In all these cases, E always get a short code of length 2. Depending on the case, it gets code 01, 10 and 11. To decode a message, we need to know what are the corresponding codes.

Other Readings

If you want to know more about Huffman Trees, you can have a look at:

  • Huffman Coding, Alistair Moffat, University of Melbourne 4
  • Chapter 2: Huffman Coding 5

\(n\)-grams

There are multiple approaches to generate texts. The first one is to study language letters’ frequency. The results are not very good and we get a soup of letters, because we look at a very narrow quantity.

To improve likelihood, the idea is to look letters over a window. If you look over a window of size two, you will learn which letters can follow each other. You will learn that a-a never occurs, and that w-h is very frequent. The generated text will be made of words that seem to belong to the current language, but most of them do not exists. You can increase the window, to three or more. The larger the better.

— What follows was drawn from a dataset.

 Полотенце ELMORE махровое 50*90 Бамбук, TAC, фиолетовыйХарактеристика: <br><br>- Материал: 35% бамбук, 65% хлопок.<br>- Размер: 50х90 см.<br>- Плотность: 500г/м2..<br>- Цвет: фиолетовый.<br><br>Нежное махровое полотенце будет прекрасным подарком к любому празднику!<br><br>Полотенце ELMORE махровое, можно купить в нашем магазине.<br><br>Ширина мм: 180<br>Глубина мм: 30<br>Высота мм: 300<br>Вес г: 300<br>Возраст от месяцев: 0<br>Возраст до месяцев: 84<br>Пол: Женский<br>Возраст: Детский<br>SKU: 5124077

Instead of looking at letters, you can consider words directly. When decomposing a sentence into words, a \(n\)-grams is a tuple of \(n\) successive words.

For instance, The cat is grey is equivalent to the list [The, cat, is, grey]. There are three possible bi-grams:

  • (The, cat)
  • (cat, is)
  • (is, grey)

and two possible tri-grams:

  • (The, cat, is)
  • (cat, is, grey)

and one 4-grams.

Generating Natural-Looking Text

To generate a text that looks natural, it must have properties similar to regular text.

The first quantity to look at is word frequency.

To generate a text, we cannot pick at random words from a dictionary. Words tends to be distributed according to a power law or Zipf law. In other words, a few words are highly frequent while most of the rest almost never occur. If you pick words at random in a dictionary, it is very likely that you almost never use those words.

Next, we have grammar. There are rules that governs how words are located in a sentence. Frequencies are not sufficient. Coding grammar rules is possible, but time consuming. To avoid this coding, we can instead look at \(n\)-grams. If we have a large corpus, we know what are the valid words following a sequence.

If \(P(w_k | w_0, w_1, ..., w_{k-1}) > 0\), then the word \(w_k\) is a candidate. If \(k\) is large, we often have enough context to select a word that is valid according to grammar rules.

Examples

Suppose our corpus is made of:

  • The cat is grey
  • The cat is sleeping
  • The dog is black

(The, dog) + (dog, is) + (is, grey) gives The dog is grey, which is a valid sentence in our language.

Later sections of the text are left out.